Muito da exploração das áreas onde rolam os combates se dá depois que a poeira abaixa e o último bandido tomba no chão. É quando você vai perambular pelos cantos, subir em telhados e procurar por salas escondidas em busca dos baús com recursos, tablets colecionáveis ou simplesmente por “lixo” (como o jogo classifica todo objeto cujo único valor é ser trocado por dinheiro com os vendedores e, portanto, não serve para pipocar nenhum adversário).
Você pode liberar habilidades que ativam um radar na tela indicando a proximidade desses itens, o que facilita um pouco a vida, mas não remove por completo aquela sensação de “por que diabos estou fazendo isso mesmo?” quando você está circulando pela décima vez por uma fortaleza vazia, em busca de uma caixa ou tablet. A resposta, claro, é “porque você não quer engolir o orgulho e deixar aquela área sem o símbolo de ‘check’ no mapa. Rage 2 é o inferno para complecionistas.
Adolescência perdida
Entre os muitos esquisitões com quem você interage em Rage 2, tem um que se destaca e na minha opinião, resume muito do verdadeiro tema do jogo: o bufão Klegg Clayton, uma espécie de John Cena mais velho, barrigudo e decadente.
Campeão dos eletrizantes circuitos de corrida e das arenas da Mutant Bash TV, Clayton vive das glórias do passado, se vangloria dos feitos de quando era o campeão, se veste como um garotão dos anos 1990 e age como se tivesse 15 ou 16 anos de idade – e não os mais de 40 que estão estampados em sua cara.
Assim como Clayton, Rage 2 se agarra a uma adolescência que já passou, no caso, a da própria iD Software, que marcou época no começo dos anos 1990 com Wolfenstein 3D, Doom e Quake, em uma das sagas mais rock’n’roll da história dos games, antes de passar boa parte dos anos seguintes meio jogada de lado, até voltar com tudo em 2015 com o sanguinário “novo” Doom.
Rage 2 tenta ser punk e abusado, piadista de um jeito meio forçado, como só um tiozão de meia idade querendo ser jovem e radical consegue ser. Quer ser hardcore, mas já passou da idade para isso – ou será que ser hardcore hoje é datado e esquisito? Vou deixar essa pergunta para os filósofos.

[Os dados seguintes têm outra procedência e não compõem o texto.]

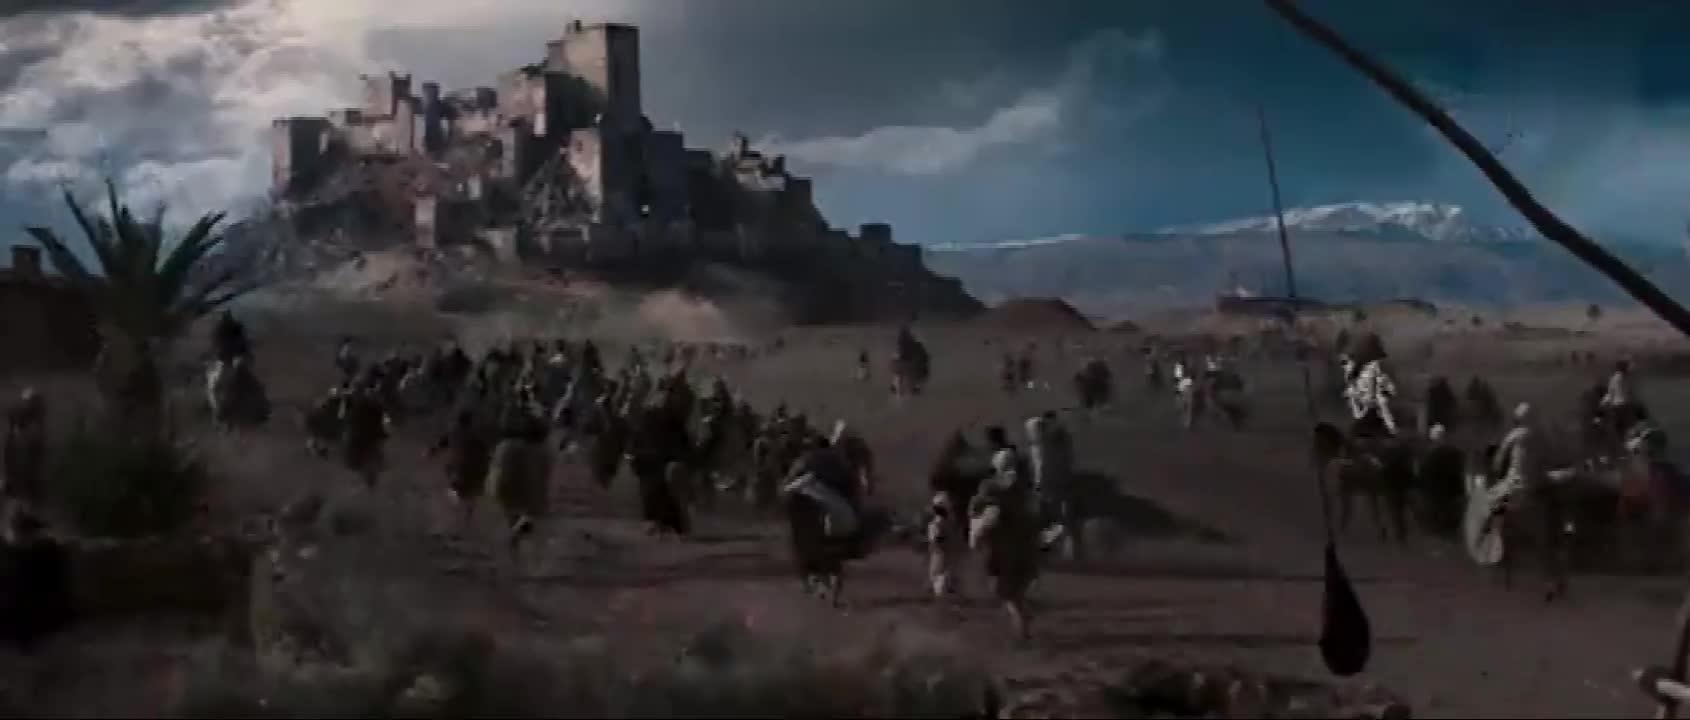 #经典看电影#天国王朝  一名真正骑士的冲锋

Mas diferente de Clayton, Rage 2 sabe disso e não tenta negar sua pretensão, apenas aceitar que é um game divertido para quem quer relaxar e dar uns tiros, explodir soldados em armaduras cibernéticas e mutantes gigantes, acelerar por pistas de corrida ao som de bandas punk bubblegum e embarcar numa viagem bem rápida através do terreno baldio de uma adolescência que já passou a muito tempo, mas com aquela certeza de que não precisa provar que está certo, nem pedir desculpas por ser apenas isso.